Copyright © 2002, 2006 by Harold Melton, KV5R. All Rights Reserved.
Amateur Radio Ladder-Line: The Myths
ladder-line is great - extremely low loss, even at high SWR. However, many hams refuse to use it because they are afflicted by common misconceptions:
- “Ladder-line radiates!” Baloney. ladder-line does not radiate any more than does coax, if terminated in a balanced antenna.
- “I tried it once, and it messed up my TV, my computer, and filled the shack with RF!” The trick here is simply to make sure you use a length of ladder-line that is not a multiple of a half-wavelength on any band. Lengths like 43 and 86 feet work well. A resonant length of ladder-line, just like the shield of coax, will pick up RF from the antenna and conduct it into the shack.

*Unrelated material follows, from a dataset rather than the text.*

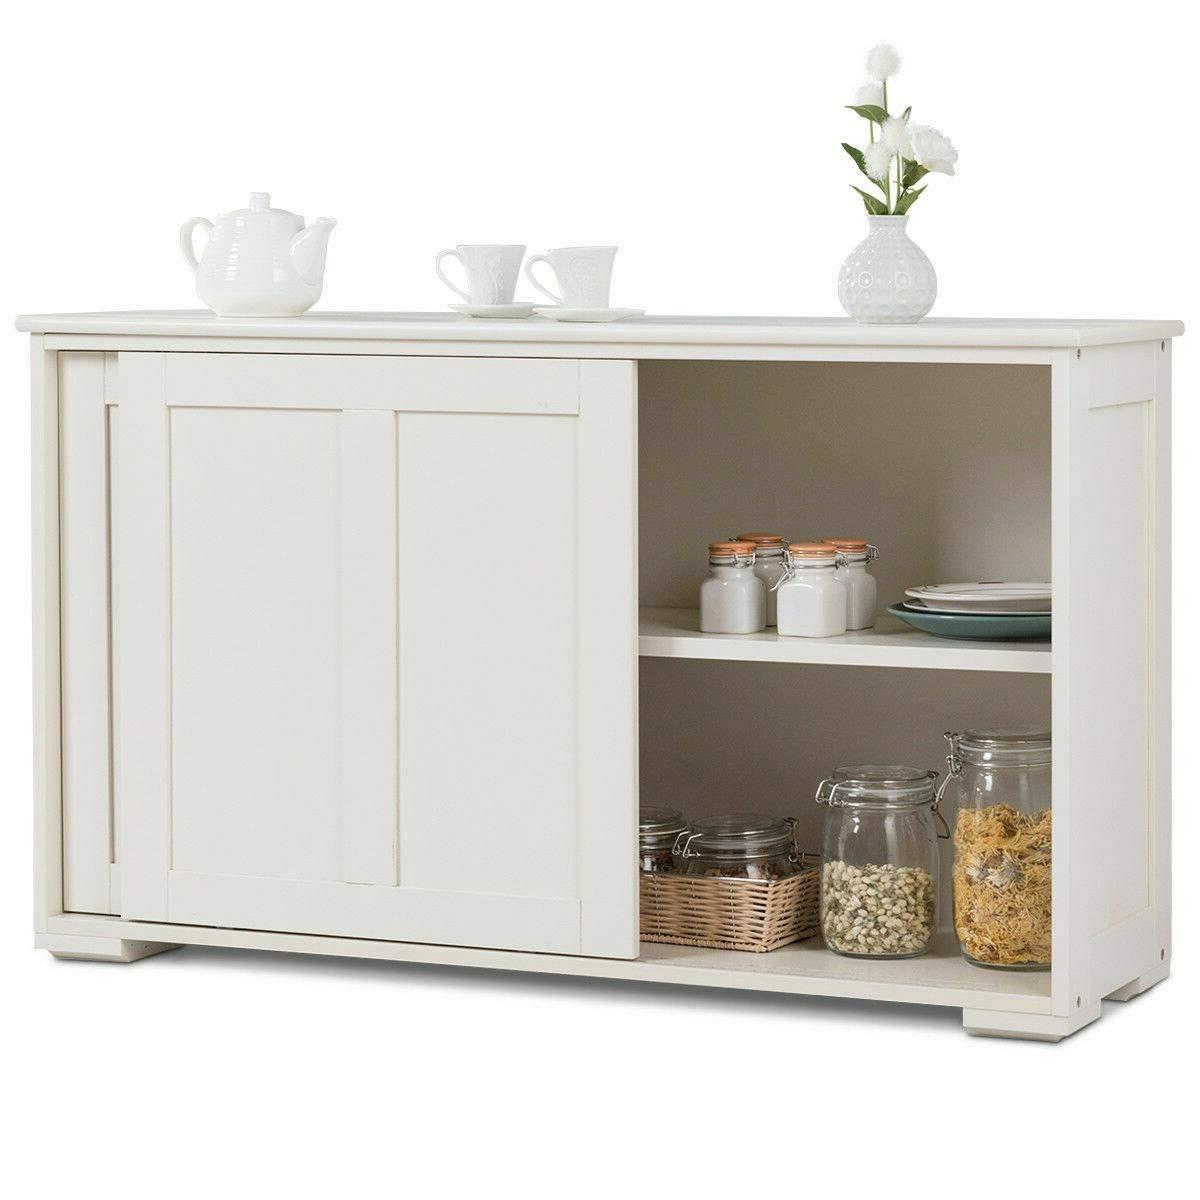 Amazon.com - Havilah7 Cabinet Storage Cupboard Sideboard ...

The only difference is that the shield of the coax is grounded, and the ladder-line is not, so it acts in common-mode to bring in and radiate induced RF. A non-resonant length of feed-line will present a high impedance to common-mode currents. And, as with any feed-line, it’s best to run it perpendicular to the antenna as far as you can so the EMF from the dipole will cancel itself instead of inducing current in the feed-line.

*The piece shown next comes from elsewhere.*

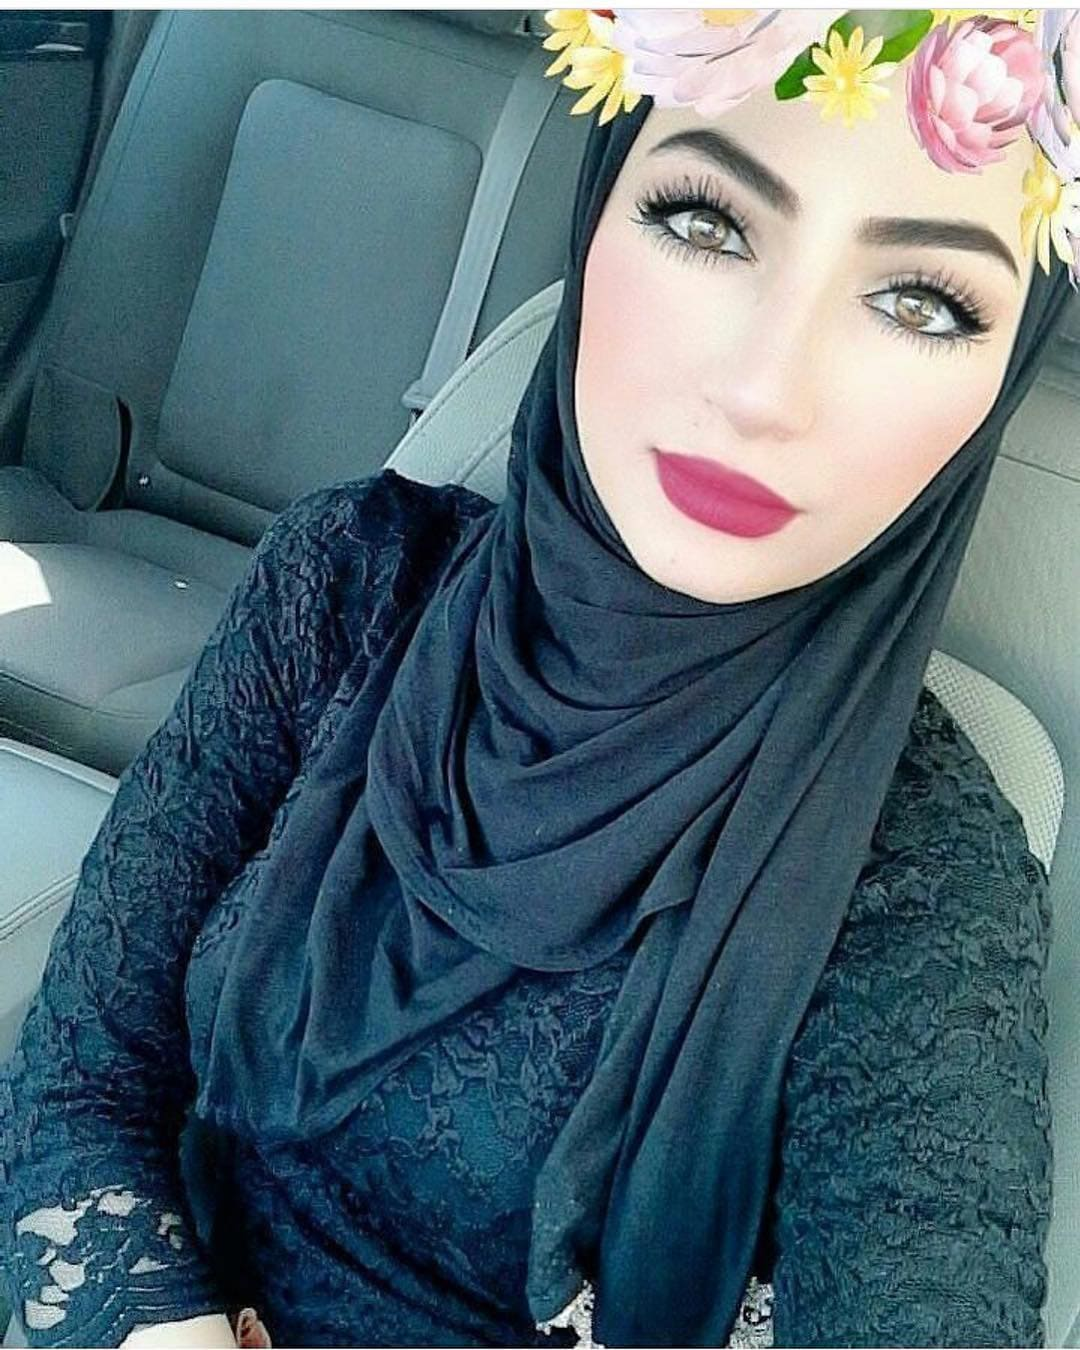 صورة صور بنت مصر , اجمل صور بنات فى مصر

- “It’s too hard to work with! You have to keep it away from metal!” Well, yes, a couple inches or so. The general rule is twice the width of the line. It’s easy to make stand-offs from half-inch PVC pipe. Ladder-line can cross a metal edge, like a window sill; you just don’t want to run it right against metal for any significant length.
- “It’s too hard to bring into the shack!” Baloney. There are many waterproof ways to bring ladder-line into any shack. One is shown below.
- “I can’t buy a lightening arrestor for ladder-line!” So just make them yourself, as shown below.
- “It flops around in the wind, and it breaks too easy!” (a) Windowed line should be twisted about one twist for every two feet to prevent wind-induced oscillations. (b) Make a good feedpoint connection, with proper strain-relief. It doesn’t hurt to wrap it over the top of your feedpoint insulator and then secure it to itself with cable ties. Also, the 14-gage stranded stuff is much more reliable than the old, cheap 18-gage solid stuff.
If you run an all-band dipole (with a tuner in the shack), you need ladder-line. Coax is very lossy when operated at high SWR. It’s easy to lose 90% of your power in your coax when operating on bands where the non-resonant dipole presents a high feedpoint impedance to the feedline.